A Choroid Plexus Epithelial Cell-based Model of the Human Blood-Cerebrospinal Fluid Barrier to Study Bacterial Infection from the Basolateral Side

Published: May 6th, 2016

DOI:

10.3791/54061

1Department of Pediatrics, Medical Faculty Mannheim, Heidelberg University, 2Department of NDU Life Sciences, Nippon Dental University

The epithelial cells of the choroid plexus (CP) form the blood-cerebrospinal fluid barrier (BCSFB). An in vitro model of the BCSFB employs human choroid plexus papilloma (HIBCPP) cells. This article describes culturing and basolateral infection of HIBCPP cells using a cell culture filter insert system.

The epithelial cells of the choroid plexus (CP), located in the ventricular system of the brain, form the blood-cerebrospinal fluid barrier (BCSFB). The BCSFB functions in separating the cerebrospinal fluid (CSF) from the blood and restricting the molecular exchange to a minimum extent. An in vitro model of the BCSFB is based on cells derived from a human choroid plexus papilloma (HIBCPP). HIBCPP cells display typical barrier functions including formation of tight junctions (TJs), development of a transepithelial electrical resistance (TEER), as well as minor permeabilities for macromolecules. There are several pathogens that can enter the central nervous system (CNS) via the BCSFB and subsequently cause severe disease like meningitis. One of these pathogens is Neisseria meningitidis (N. meningitidis), a human-specific bacterium. Employing the HIBCPP cells in an inverted cell culture filter insert system enables to study interactions of pathogens with cells of the BCSFB from the basolateral cell side, which is relevant in vivo. In this article, we describe seeding and culturing of HIBCPP cells on cell culture inserts. Further, infection of the cells with N. meningitidis along with analysis of invaded and adhered bacteria via double immunofluorescence is demonstrated. As the cells of the CP are also involved in other diseases, including neurodegenerative disorders like Alzheimer`s disease and Multiple Sclerosis, as well as during the brain metastasis of tumor cells, the model system can also be applied in other fields of research. It provides the potential to decipher molecular mechanisms and to identify novel therapeutic targets.

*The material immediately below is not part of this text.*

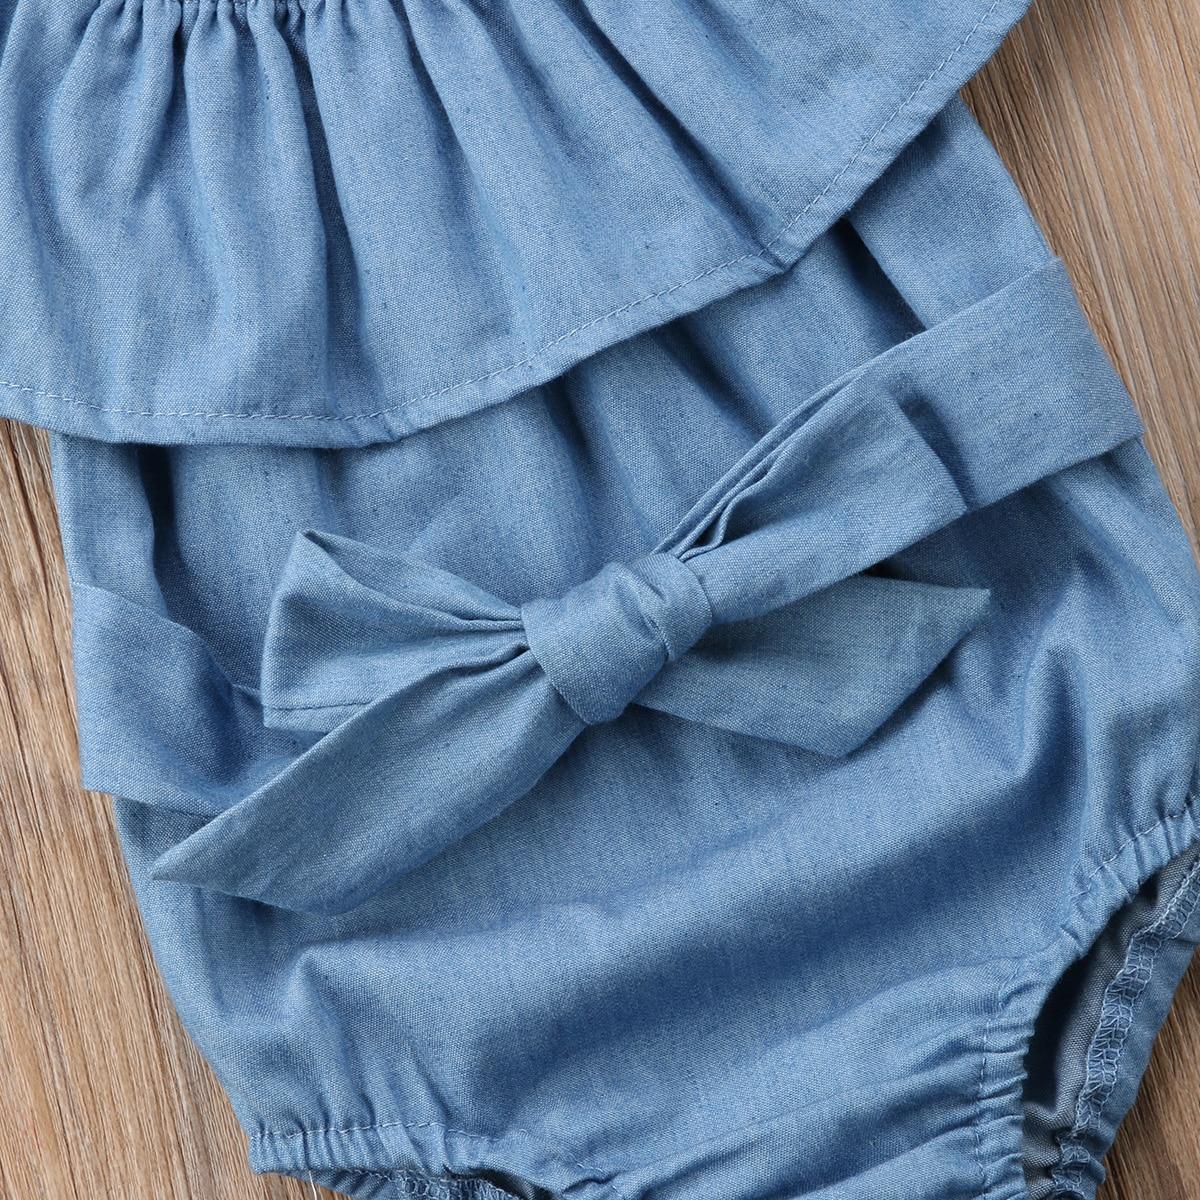 2Pcs Newborn Kids Ruffles Denim Romper Baby Girls Front Bowknot Jumpsuit Outfits Clothes 2Pcs Newborn Kids Ruffles Denim Romper Baby Girls Front Bowknot Jumpsuit Outfits Clothes

The blood-cerebrospinal fluid barrier (BCSFB) is one of the three barrier sites between the blood and the brain1. Its morphological correlate are the epithelial cells of the choroid plexus (CP)2,3, an endothelial-epithelial convolute, which is strongly vascularized and located in the ventricles of the brain. The CP serves to produce the cerebrospinal fluid (CSF) as well as to separate the latter from the blood. In order to achieve barrier function, the CP epithelial cells show a low pinocytotic activity, express specific transporters, and are densely connected by a continuous network of tight junctions (TJs)2,3.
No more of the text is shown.